You can convert a delta-format file (either from nucmer or delta-filter, see below) to a tab-delimited file of matching regions by using the show-coords program, eg.
% show-coords -dTlro out.delta.filter > out.coords
where
-d:  displays the alignment direction in an additional column called 'FRM',
-T: makes the output file tab-delimited,
-l: includes sequence length information in the output,
-o: annotates maximal alignments between two sequences, i.e. overlaps between database and query sequences (these are marked as '[CONTAINED]' in the output),
-r: sorts the output lines by database IDs and coordinates.

show-coords will give an output that looks something like this:
NUCMER
    [S1]     [E1] |     [S2]     [E2]  |  [LEN 1]  [LEN 2]  |  [% IDY]  | [TAGS]
=============================================================
       5      104  |      100        5   |      100       96   |    96.00   | seq3db    seq1query
      29     128  |        1      100   |      100      100  |   100.00  | seq3db    seq1query
       1      125  |       19      142  |      125      124  |    99.20   | seq2db    seq1query

This means that:
(i) there is a match from positions 1-100 of the query sequence 'seq1query', that matches positions 29-128 of the database sequence 'seq3db',
(ii) there is a match from positions 5-100 of the query sequence 'seq1query', where the negative strand of this region matches positions 5-104 of 'seq3db',
(iii) there is a match from positions 19-142 of 'sequ1query', to 1-125 of 'seq2db'.

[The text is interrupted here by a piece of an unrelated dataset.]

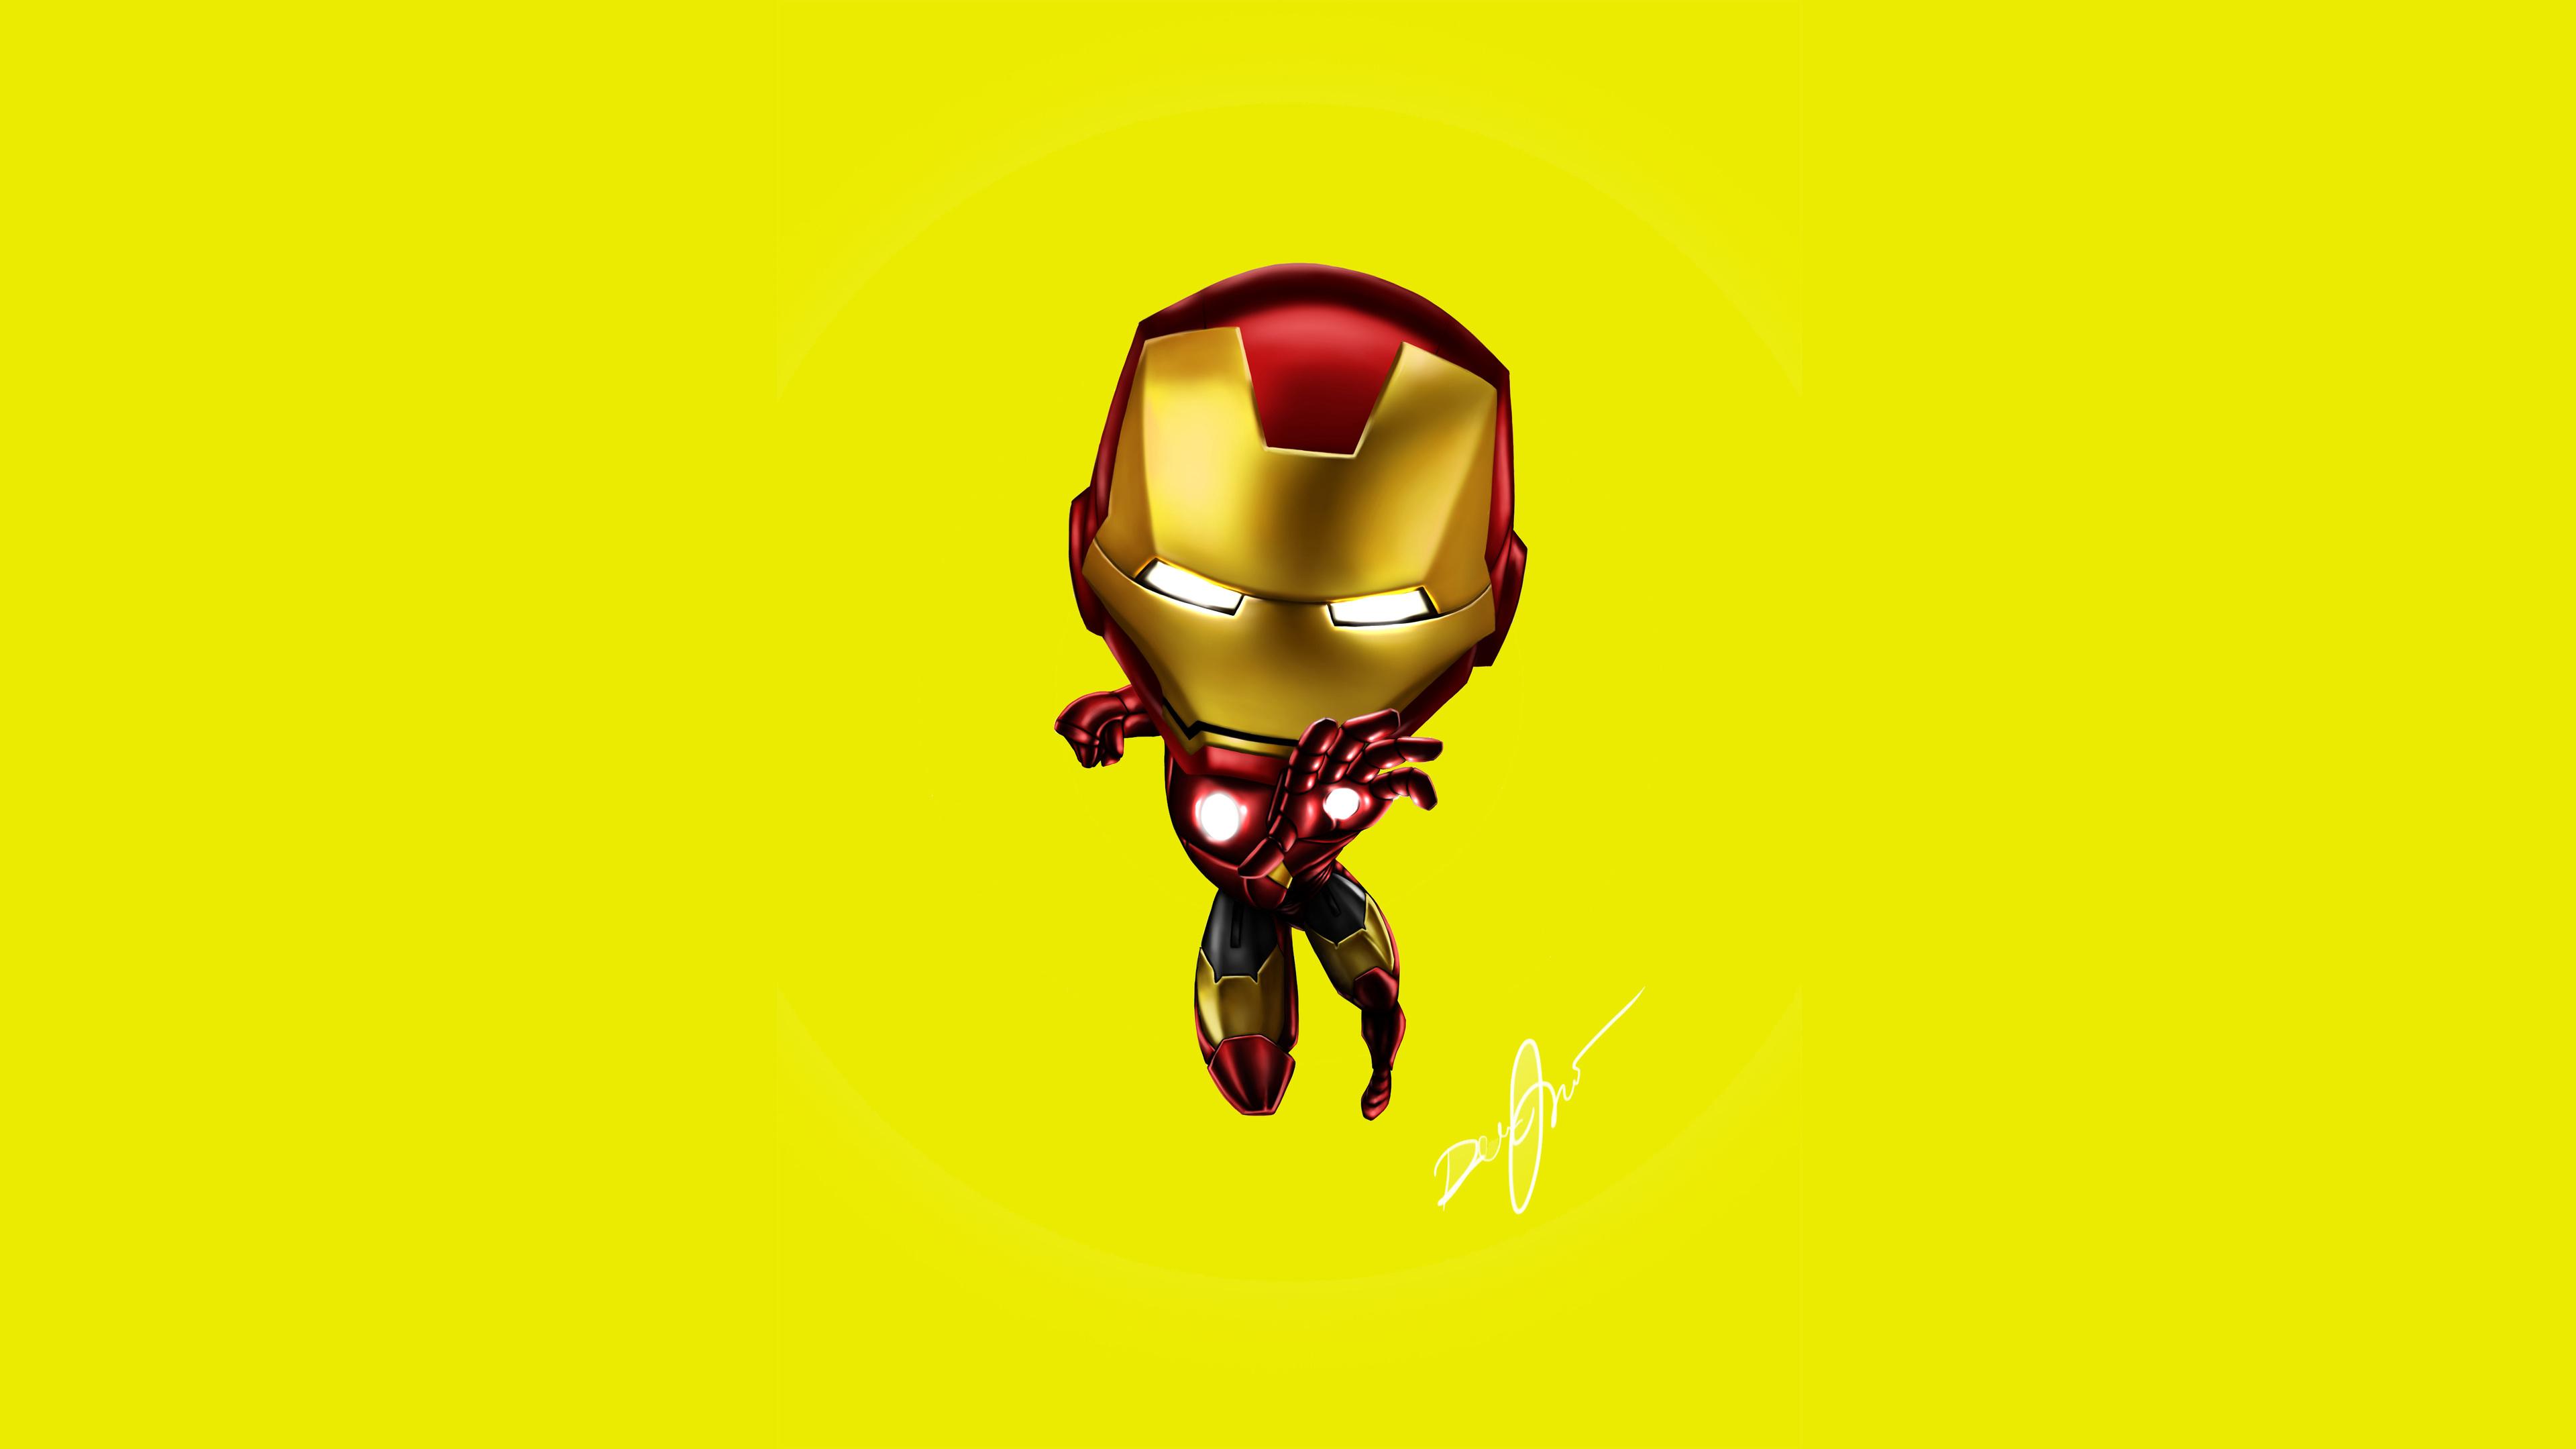 iron man 5k artwork 1536523674 - Iron Man 5k Artwork - superheroes wallpapers, iron man wallpapers, hd-wallpapers, digital art wallpapers, artwork wallpapers, art wallpapers, 5k wallpapers, 4k-wallpapers

If you had used the -o option, you would see:
    [S1]     [E1]  |     [S2]     [E2]  |  [LEN 1]  [LEN 2]  |  [% IDY]  | [TAGS]
=============================================================

        5      104  |      100        5   |      100       96   |    96.00   | seq3db    seq1query    [BEGIN]
      29      128  |        1      100   |      100      100  |   100.00  | seq3db    seq1query    [END]
       1      125   |       19      142  |      125      124  |    99.20   | seq2db    seq1query    [CONTAINED]

The '[CONTAINED]' tag shows that the last match, at position 19-142 in the query 'seq1query', overlaps with another match in this query. 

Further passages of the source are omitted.